Create plots to show relationships and distributions. Examples: survival rate by sex, age histogram, survival by fare bin.

In [None]:
# EDA visuals
import seaborn as sns

plt.figure(figsize=(10,4))
plt.subplot(1,2,1)
sns.countplot(x='sex', hue='survived', data=notebook_df)
plt.title('Survival by sex')

plt.subplot(1,2,2)
notebook_df['age'].hist(bins=20)
plt.title('Age distribution')
plt.show()

# Survival by fare bins
bins=[0,10,20,50,100,600]
labels=['0-10','10-20','20-50','50-100','100+']
notebook_df['fare_bin'] = pd.cut(notebook_df['fare'].fillna(0), bins=bins, labels=labels)
surv_by_fare = notebook_df.groupby('fare_bin')['survived'].mean().reset_index()
sns.barplot(x='fare_bin', y='survived', data=surv_by_fare)
plt.title('Survival rate by Fare bin')
plt.show()

## 5. Modeling: train Logistic Regression & Decision Tree

In [None]:
# Modeling & evaluation
from sklearn.model_selection import train_test_split
from sklearn.linear_model import LogisticRegression
from sklearn.tree import DecisionTreeClassifier
from sklearn.metrics import accuracy_score, classification_report

features = ['pclass','sex','age','fare']
X = notebook_df[features]
y = notebook_df['survived'].astype(int)
X_train, X_test, y_train, y_test = train_test_split(X, y, test_size=0.2, random_state=42)

# Logistic Regression
lr = LogisticRegression(max_iter=200)
lr.fit(X_train, y_train)
y_pred_lr = lr.predict(X_test)
print('Logistic Regression accuracy:', accuracy_score(y_test, y_pred_lr))
print(classification_report(y_test, y_pred_lr))

# Decision Tree
dt = DecisionTreeClassifier(max_depth=5, random_state=42)
dt.fit(X_train, y_train)
y_pred_dt = dt.predict(X_test)
print('Decision Tree accuracy:', accuracy_score(y_test, y_pred_dt))
print(classification_report(y_test, y_pred_dt))

## 6. Interpret & Compare

Compare accuracy, recall, precision. Discuss which model you would prefer and why (consider domain costs: false negatives vs false positives).

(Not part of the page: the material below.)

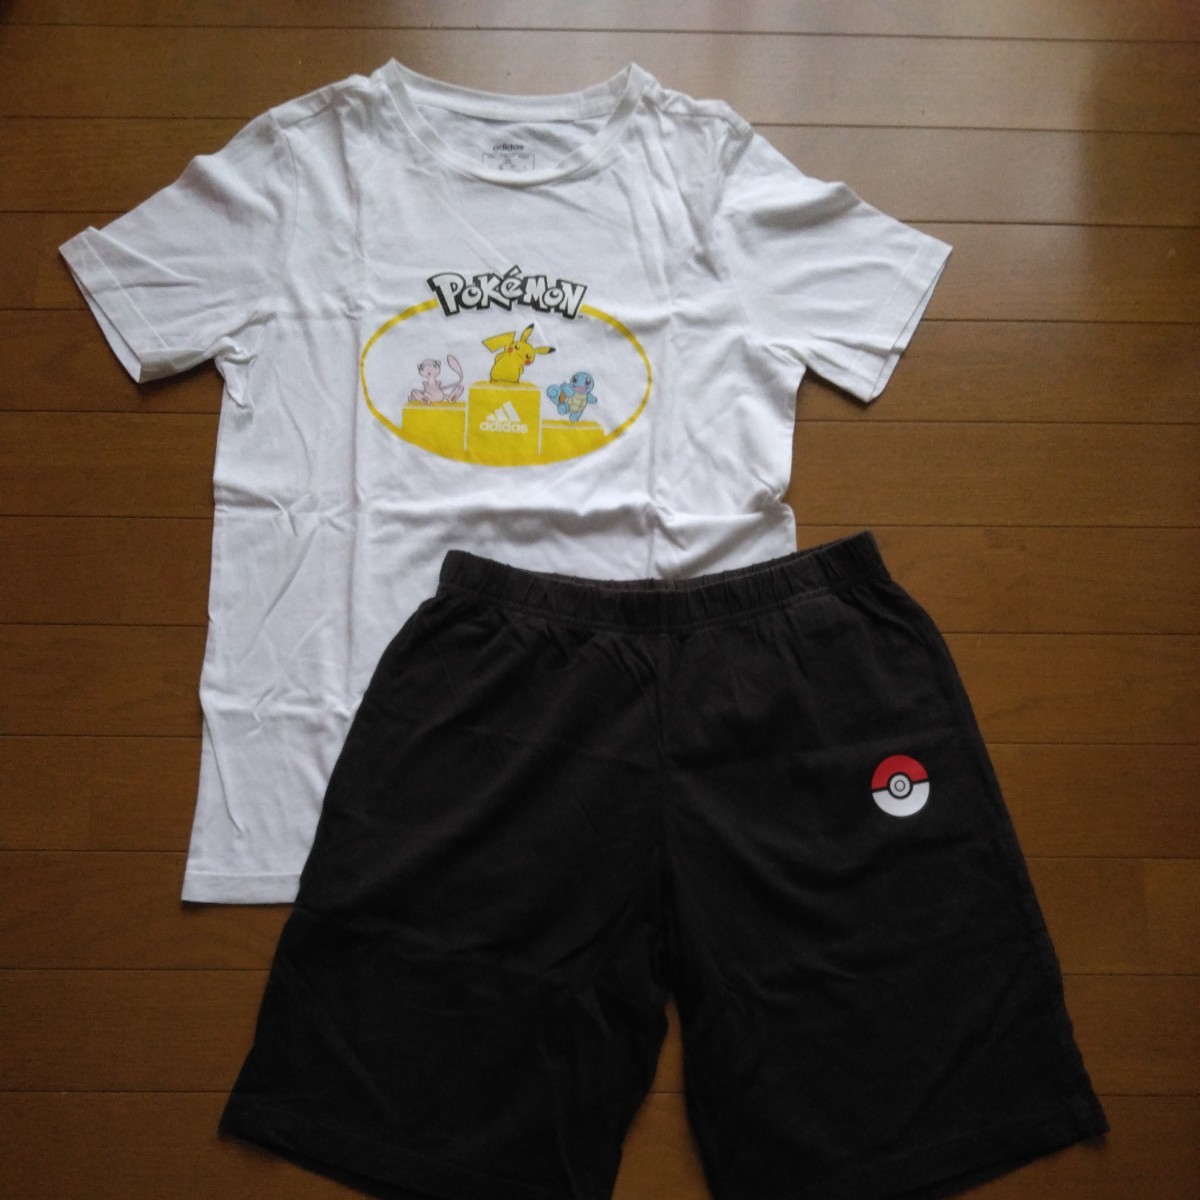  Pokemon adidas Adidas short sleeves * short pants top and bottom set 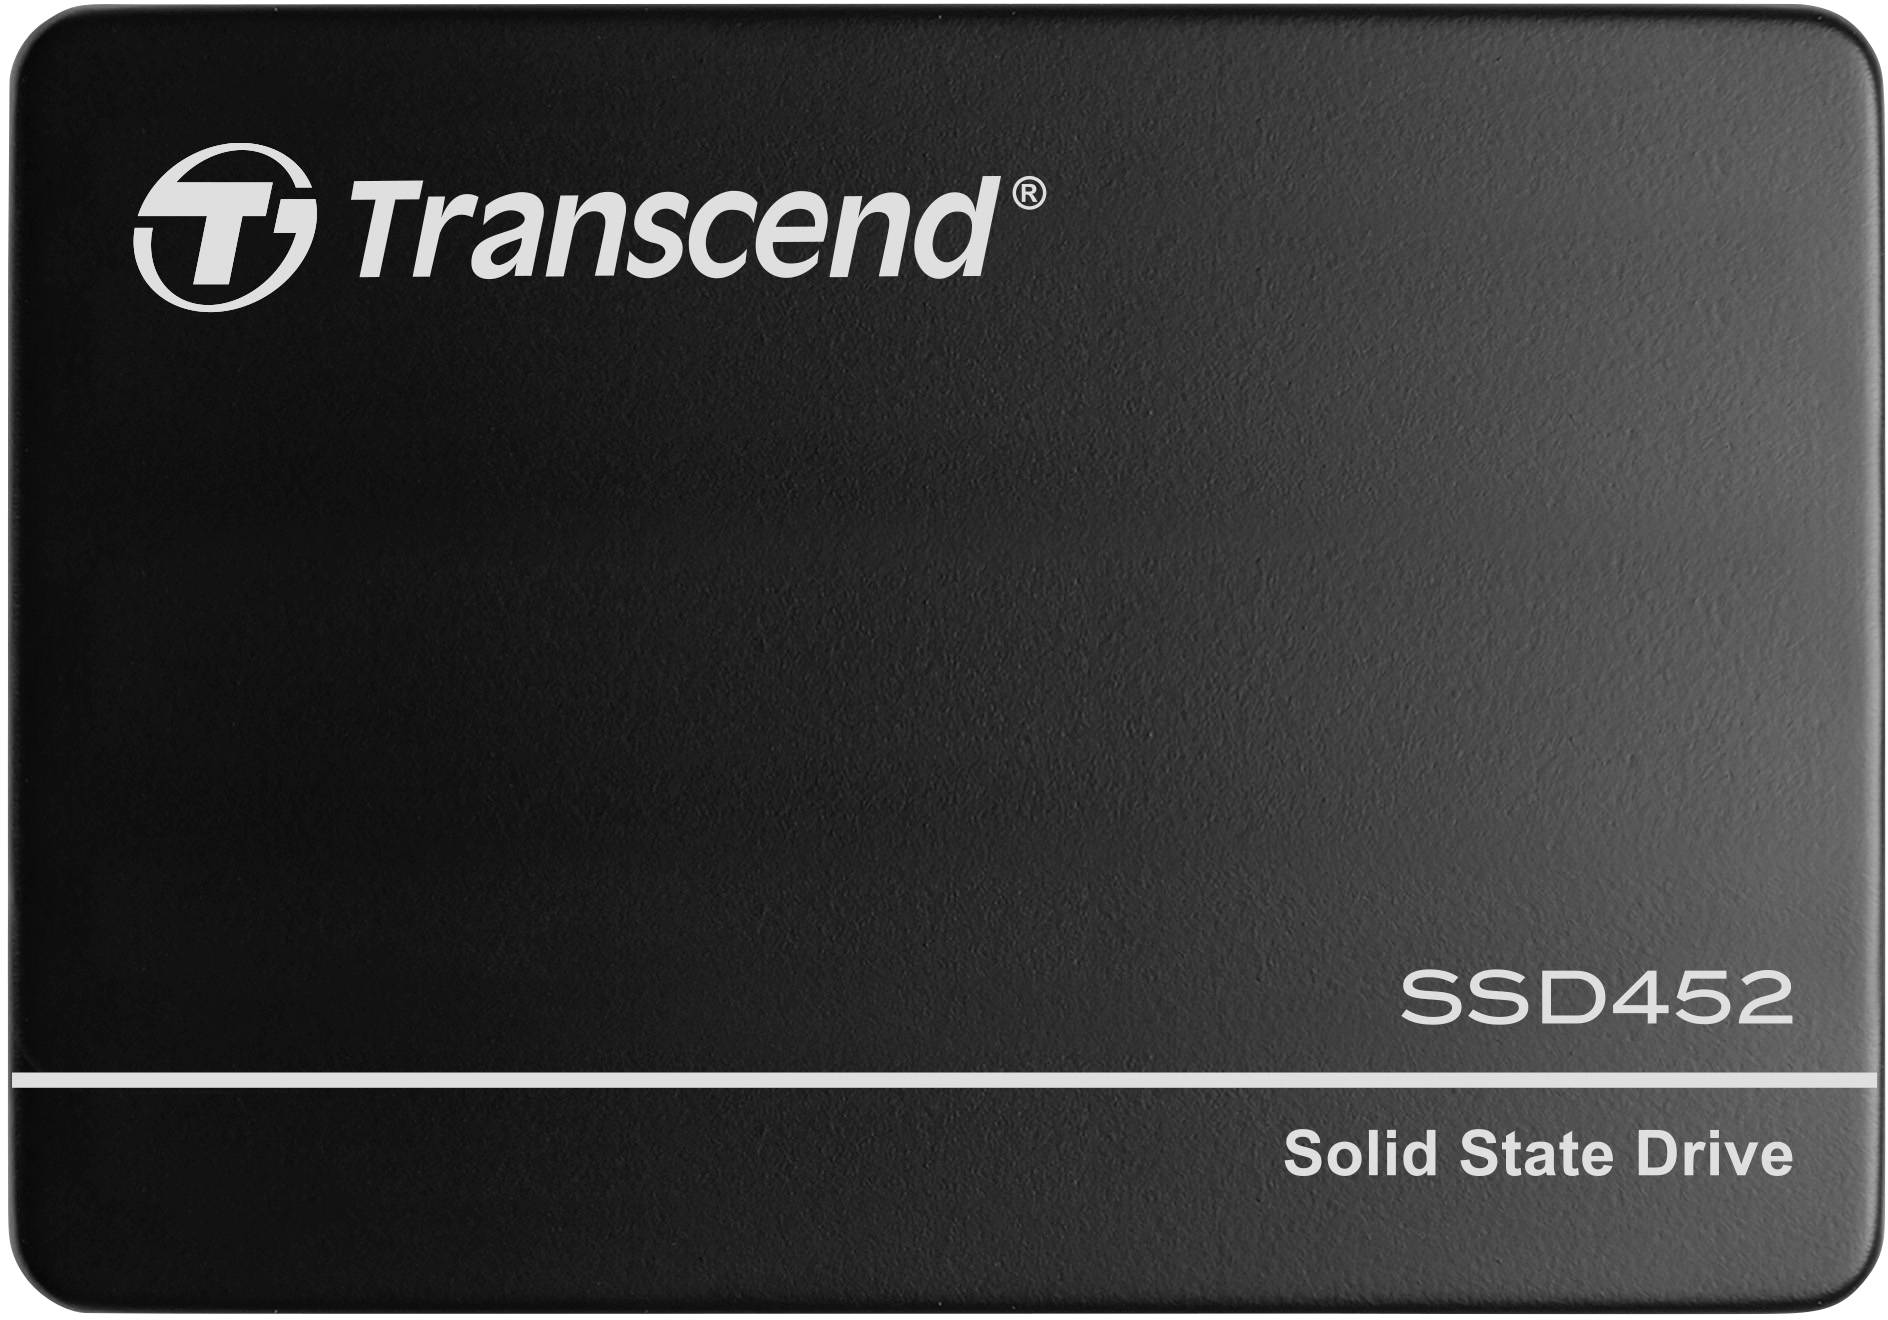 TRANSCEND SSD452K-I 256GB

## 7. Take-Home Assignment (deliverables)

**Individual task (due in 1 week):**
- Use the Titanic dataset (or Iris if preferred).
- Clean and preprocess the data.
- Create at least 3 EDA visualizations with short captions/insights.
- Train **two** models (one linear/simple, one tree-based or ensemble).
- Compare their performance using at least two metrics (accuracy & recall or F1).
- Submit:
  1. Jupyter Notebook (.ipynb) with code and outputs.
  2. One-page PDF/Markdown summary: problem, approach, results, insights.

**Bonus (optional):** Try feature engineering (create new features) and report impact.

## 8. Starter checklist & tips

- Use train/test split and consider cross-validation for robustness.
- Document every preprocessing step.
- When in doubt, visualize the data.
- Keep reproducible code: set random_state where appropriate.

## 9. Course Wrap-up

Congratulations — you completed the 5-day crash/refresher! Good luck with the take-home assignment. Reach out if you need help.